NJ Lawmaker Launches Petition Against FAA Airspace Redesign

State Sen. Kevin O’Toole

TRENTON — New Jersey Senator Kevin O’Toole has launched an online petition to protest the Federal Aviation Administration’s (FAA) proposal to reroute hundreds of planes leaving John F. Kennedy International Airport each day over New Jersey’s northern counties as part of a plan to reduce airport delays.

“Families living in North Jersey shouldn’t have to suffer greatly increased noise and air pollution just to shave a few minutes from flights leaving JFK,” said O’Toole (R-Bergen). “The quality of life of millions of New Jersey families will suffer if the FAA’s plan takes effect.”


“To protect the quality of life of the residents of North Jersey, I’ve launched an online petition to demonstrate to our congressional representatives and the FAA the depth of opposition to the airspace redesign plan that could take effect next year,” added O’Toole.

The senator is working with members of the New Jersey Coalition Against Aircraft Noise (NJCAAN) to oppose the FAA plan to reroute planes taking off from Kennedy Airport over Bergen, Essex, Passaic, Morris and Union counties.

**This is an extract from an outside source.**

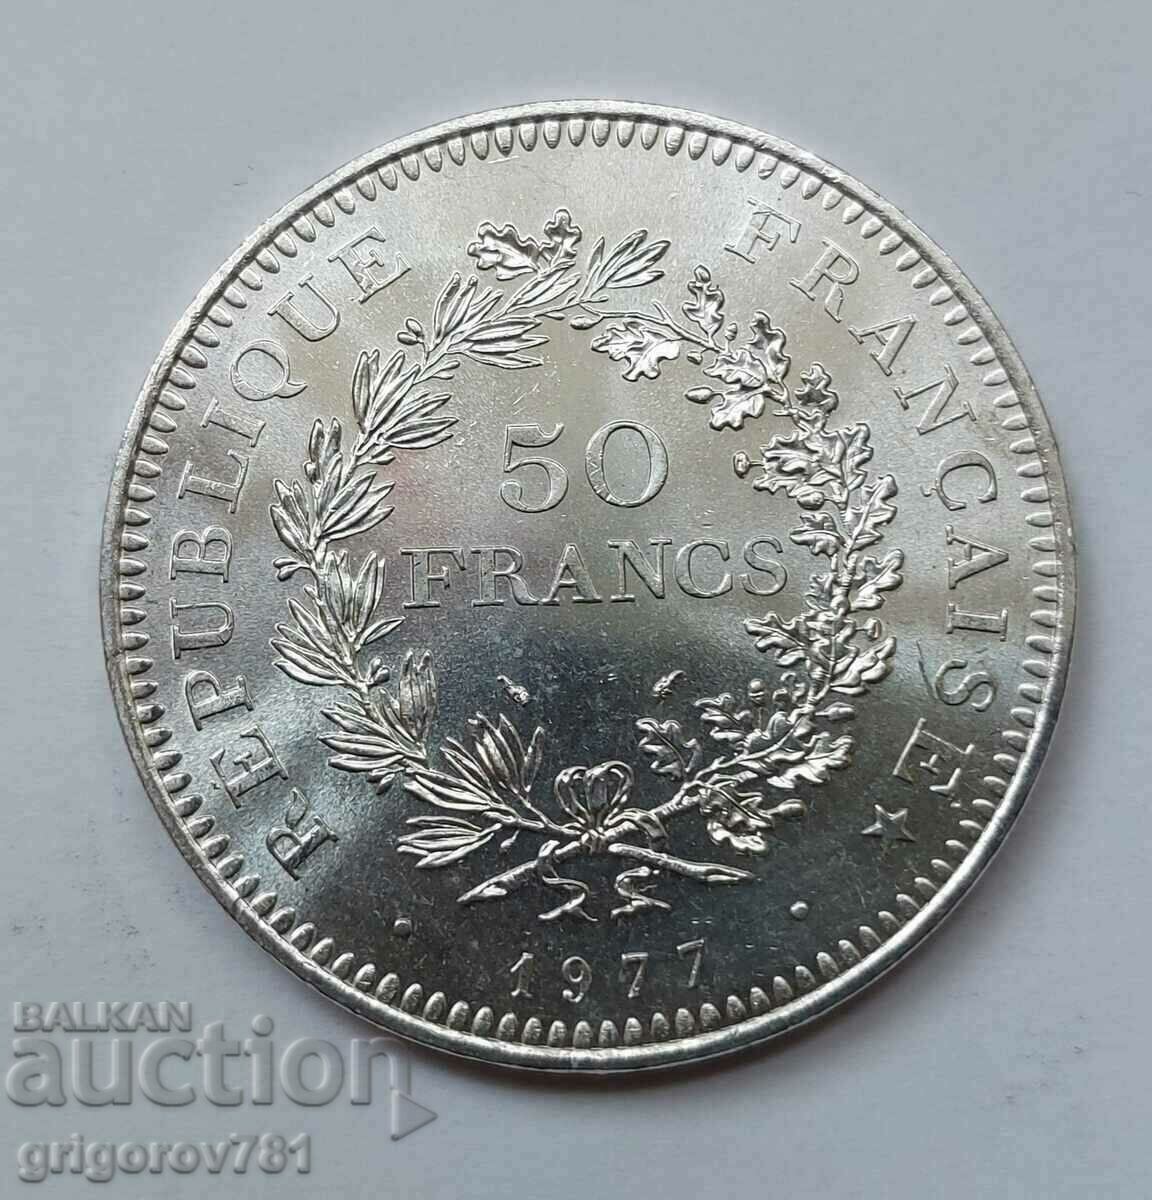 50 Φράγκα Ασημένιο Γαλλία 1977 - Ασημένιο νόμισμα #2

Currently, many of those flights are directed over the Atlantic Ocean and north to Connecticut.

According to the NJCAAN, the FAA’s new flight patterns will also have an impact on Newark Liberty Airport departures, sending more planes over residential areas.

O’Toole’s petition to stop the FAA’s redesign of the region’s airspace is located at http://otoole.senatenj.com/faa.

The petition page includes links to information about the movement as well as features to comment on and share the petition on social media websites, including Facebook and Twitter.

“While I understand that the FAA is attempting to decrease the inconvenience of airport delays for travelers, I do not accept that the trade off has to be a degradation of the quality of life for North Jersey residents,” said O’Toole. “Our hard-working families should not be jolted out of their sleep by the roar of a jet engine at 3 a.m. just so an airline can meet its on-time performance schedule.”